The investigation, concluded on Aug. 2, confirmed that the attack impacted both personal and protected health information. Although officials believe that the attackers did not obtain the vast majority of patient information, they could not verify the specific data obtained and or accessed by the attackers.

As such, all patients with data in the impacted systems are being notified of the potential impact to their data, which included patient names, SSNs, contact information, health plan beneficiary numbers, health insurance details, full-face photos, and/or comparable images, unique identifying numbers, medical data, diagnoses, disability codes, a certificate or license numbers.

“The security and privacy of the information contained within our systems is a top priority for us, and we were shocked to learn that we were one of the thousands of victims of this type of cyberattack,” said SARC executive director Javier Zaldivar, in a statement. “We are fully committed to protecting the information on our systems and sincerely regret the worry caused by this incident.”

CareATC employee email hack spurs breach notice

The hack of several employee email accounts at CareATC led to the potential exposure of protected health information tied to 98,774 patients, according to a recent notice.

On June 29, CareATC detected suspicious activity in an employee email account and moved to secure the account from unauthorized access.

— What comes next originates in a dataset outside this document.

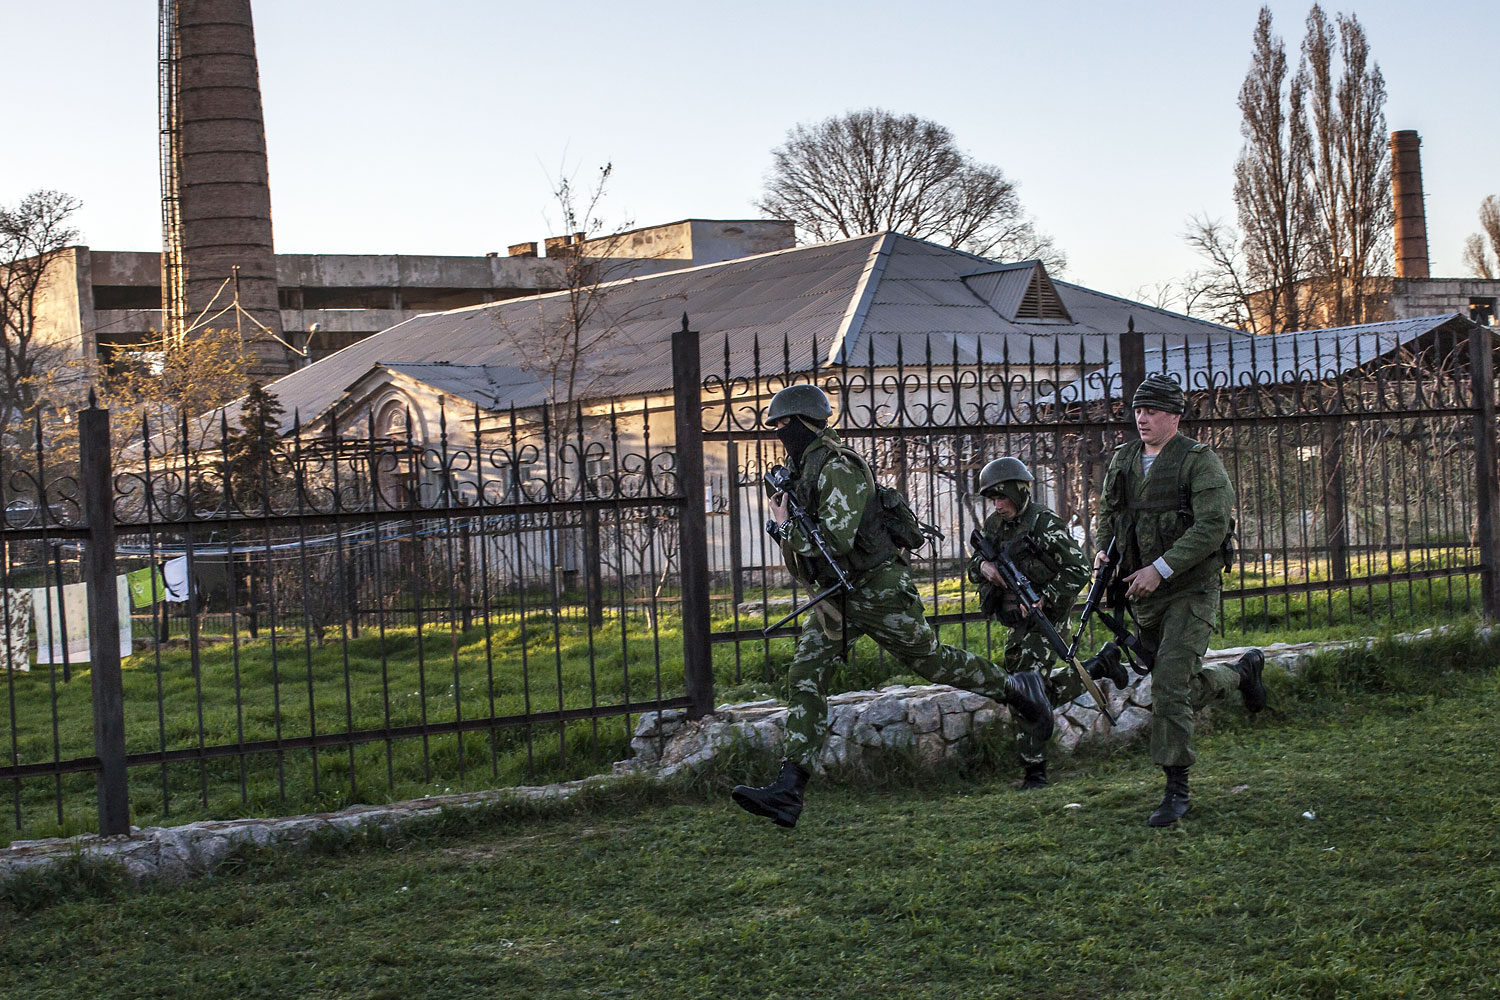 Russian forces storm a Ukrainian military base in the village of Belbek, Crimea, March 22, 2014. (Mauricio Lima—The New York Times/Redux)

The provider then launched an investigation with support from third-party forensics specialists, which found two employee email accounts were hacked for 11 days between June 18 and June 29, 2021.

CareATC then performed a comprehensive review of the email contents to determine what information was present during the incident. The review concluded on Aug. 11 that the accounts contained a range of data tied to certain patients, employees, and dependents of employees and patients. The incident was contained to the email accounts.

The compromised data varied by patient and could include names, dates of birth, SSNs, driver’s license numbers, dates of birth, financial accounts details, medical histories, treatments, health insurance information, passport numbers, US Alien Registration numbers, user credentials, and electronic or digital signatures.

CareATC has since provided additional employee training on best practice email security.